By: John T. Dobbs
Climbed Granite Chief on a solo day hike from Squaw Valley fire station. Rolling from Walnut Creek at 0611, I was hiking at 0912. An uneventful climb, punctuated only by three mountain bikers who startled me nearly out of my skin as they came over a rise behind me. They make a weird sound if you're not expecting it.
It was trail all the way, with the top of a chair lift in a saddle a couple of hundred feet below the peak. This would be an easy ski climb. I summitted at 12:48 and spent an hour admiring the rather hazy view and doctoring some old blisters. The view to the south included Freel and Pyramid Peaks, with Sierra Buttes and mighty Lola to the north. The view to the east was dominated by Mt. Rose. Lake Tahoe's deep blue riveted my attention like the proverbial moth to a magnet. Only valley haze to the west.

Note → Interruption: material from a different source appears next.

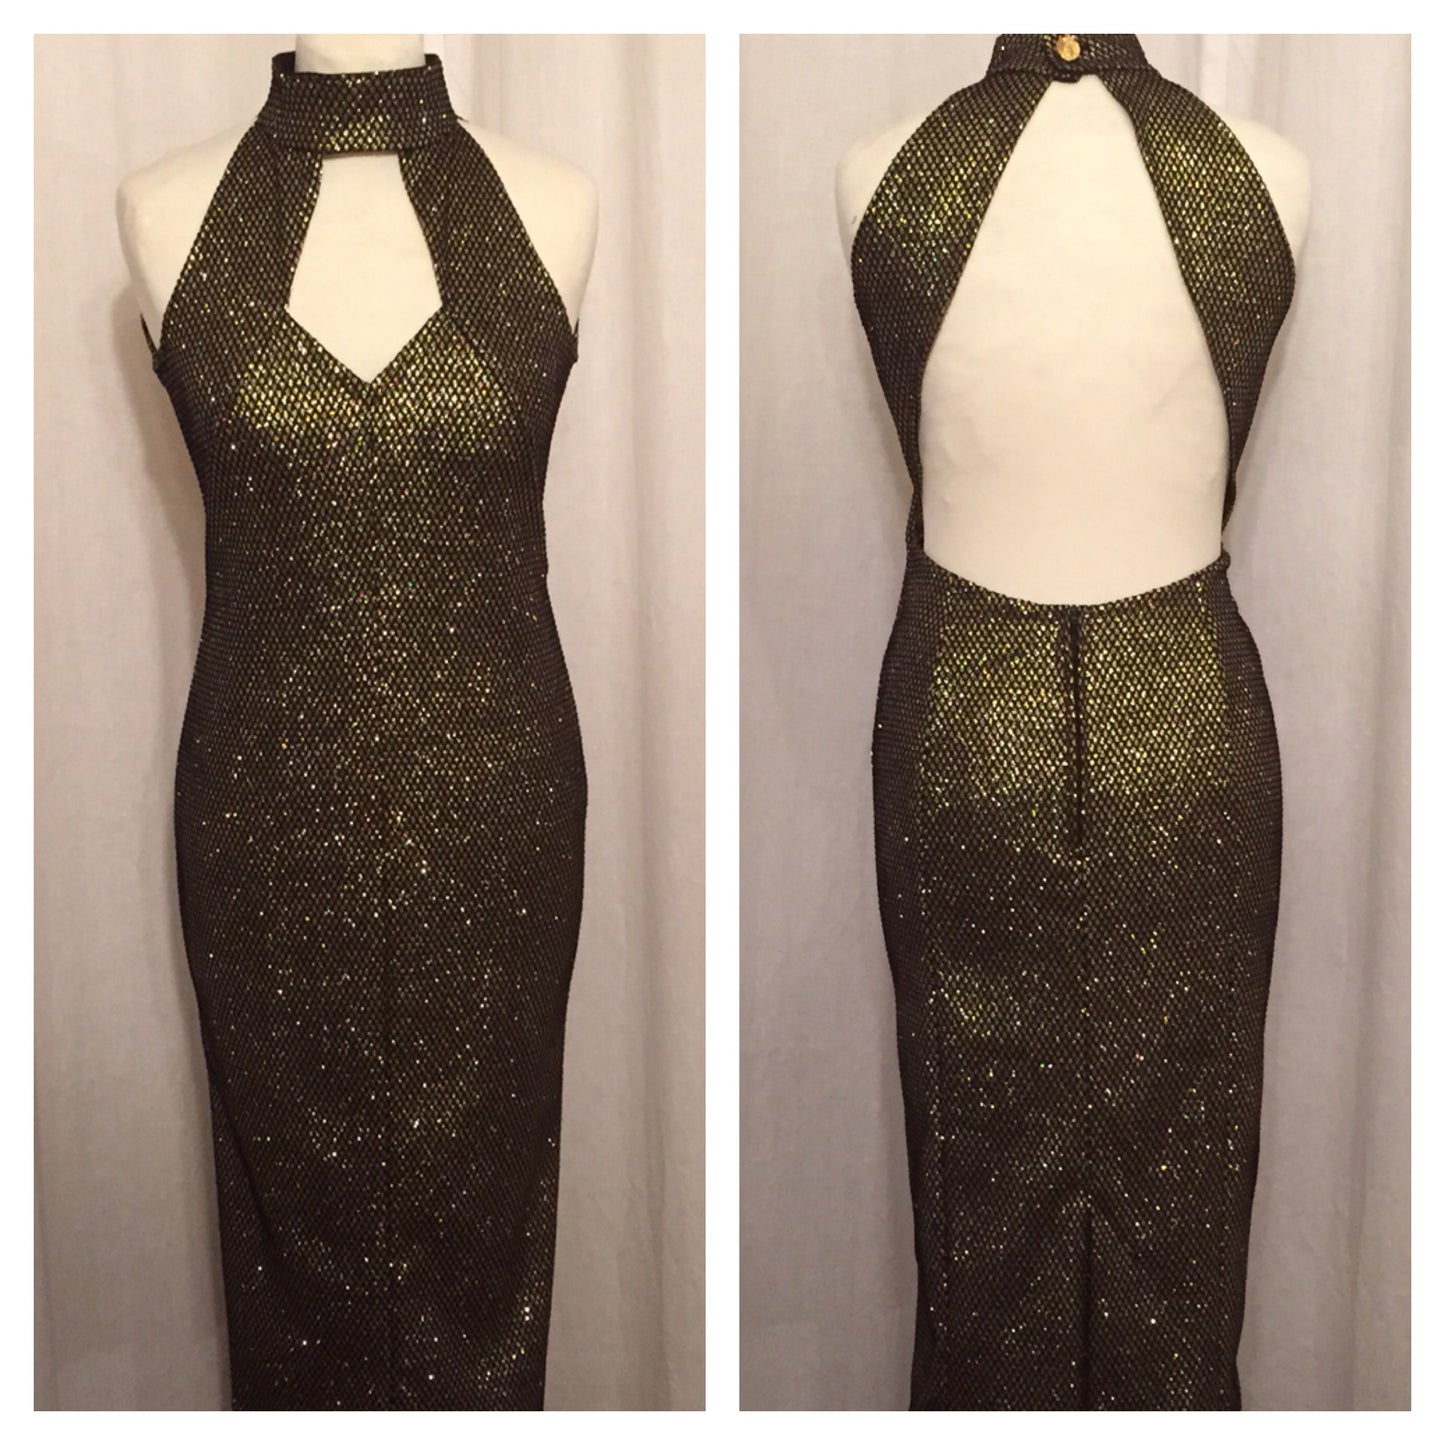 Vintage 1950s style gold lurex and black net backless wiggle dress M XL only

The register was under a four foot black boulder--of different substance than the granite summit "block." The SPS canister was stuffed full of books and scraps of paper, all full. I didn't think to carry an empty book with me. I found a blank space on the back of a book placed by RJ Secor in 1986, and signed that.
I started down at 1351 and reached the car around 16:15, but not before a little excitement: two dogs and two bears. First was a runt of a dog who expressed a distaste for my hat, as translated by her owner. She, the dog that is, refused to be friendly, and as I turned to leave, leapt and bit me. I have since thought of a few alternative messages I might have passed to the owner...
Next was a fuzzy little black dog who was so excited to be in the wilderness that he ran right past without stopping to say hello. Being now .goosey about dogs, I didn't mind.
So I continued down the hill. In a few hundred yards, I encountered a black bear ripping up a log next to the trail. Wishing to take no chances with this one, I requested she please stand aside, at the top of my lungs. She immediately complied. As she bowled up the hill,I noticed two miniature black ears following like periscopes through the underbrush. Mama stopped at the first tree and sent her cub about six feet up. He was quite small, not more than a foot and a half at the shoulder. His tree was too close for my comfort (probably mama's, too). We all stood there staring at each other. More conversation by me caused the cub to climb even higher in his tree and mama to retreat very little; and I thought: "hmm, this is not working..." It occurred to me that if I stood very still and said nothing, perhaps the cub would rejoin mama. That worked! As soon as he did, I suggested to mama that she might be happier farther up the hill. She agreed. Last I saw them, mama was charging up the hill through the underbrush with cubster close on her heels. As I passed her log, I sincerely hoped that she had only one cub. All of this probably 500 feet in elevation above Squaw Valley.
Back to the car around 1615; rolling from Squaw at 1705; home at 1955, happy to check another peak off three lists. Another great day hike. Good views, interesting wildlife. Why didn't I take a picture of the bears? a chance of a lifetime. Did I mention the Golden Eagle riding the air currents above the Granite Chief Wilderness? or the profusion of wildflowers?